Santiago Palacios, Sin Tarima bookseller, has been participating in the Book Fair for 42 years. Next weekend he hopes to take some time to write a text with constructive criticism and send it to the management of the Fair. “I was in booth 33, a prodigiously good place. I have done the best Fair of my life. But that does not prevent me from knowing that it had important deficiencies like that on weekends the rhythms have been blocked by the signatures of the stars“. Palacios assures that” as we neglect the Fair, it gets out of hand and will only end in signatures of ‘Masterchef characters’ “. Regarding the great problem of the capacity limit, the bookseller asks:” How can there be problems with the capacity and people sitting all morning having a coffee inside? “And he suggests that it would be” more coherent “to put the two cafes outside.

For the Alpha Decay publishing house, with a community of followers of more than 20,000 users, the fair has been “regular”. Julia Echevarría is the editor of the general collection. He is dissatisfied with Gil’s statements in which he justified that the great differences between large and small sales were due to the fact that “what you pay is having a good brand or a broad community behind you.” “I feel indignation because precisely the small publishers the only thing we have is that: a reinforced community and brand,” says Echevarría. “Sales have dropped because the organization was terrible, not only the place, but also the limited capacity and the two-hour queue to enter that a fan of a youtuber he does it to you, but older people, for example, don’t “, he adds. Another editor, who was not on the central and sales island, has done” good for how bad others have done “, states that” the The brand’s roll and the community behind it intends to blame the publishers. And here less was needed marketing and more fair organization, “he says.

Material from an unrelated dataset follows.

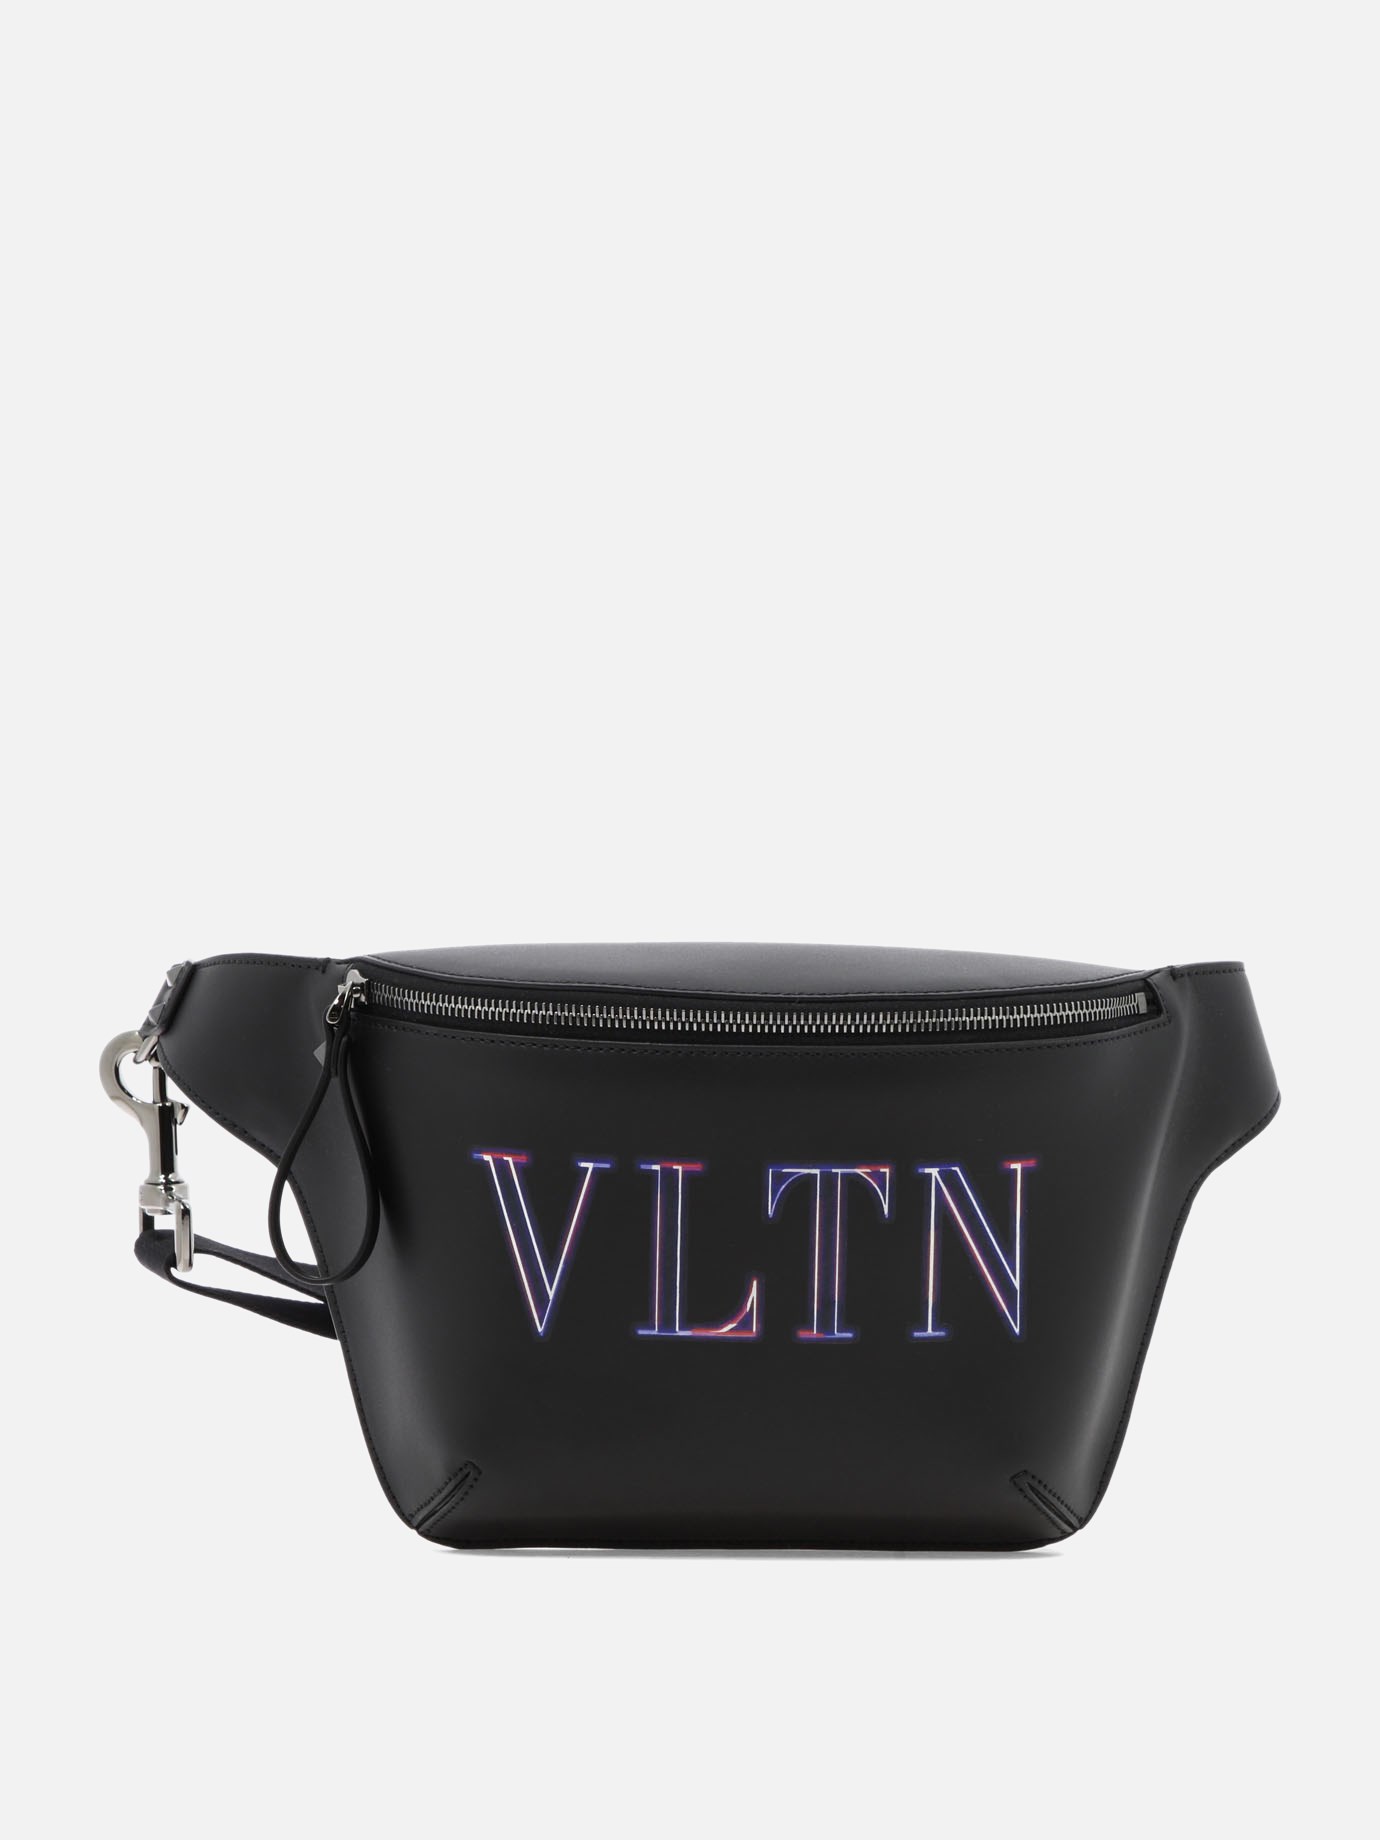  Neon VLTN  belt bagby Valentino Garavani - 0

The perspective of the big publishers is necessarily different. One of them, Grupo Planeta, has brought more than 200 authors and 400 signature sessions to the Fair. Nahir Gutiérrez, communication coordinator of Grupo Planeta, assures that “the measure of success” of their participation is that all its authors “have been happy and grateful for this reunion with their readers.” For this editorial, which has not suffered from the logistical problems of others, the most shocking thing “has been to see the response of readers, the patient queues at almost any time on weekends or the curious thing about a Fair in which, for the first time, it was getting dark. “

Eleven editorials signed a critical text last Saturday that they sent to the management and to which this newspaper has had access. It states that “the time has come to turn around the current management of the Book Fair to guarantee its future and avoid the nonsense, errors, poor organization and abuse of power that has presided over the edition that is now ending.” They saw as “incomprehensible” that the control of the capacity was maintained coinciding with the relaxation of some restrictions for closed spaces, such as the cinema, which the Community of Madrid decreed with the fair already started. This manifesto indicated as “abuse of power” the placement of institutional advertising without prior notice in the booths of publishers and booksellers in Madrid, nor did it report on the economic impact associated with such advertising.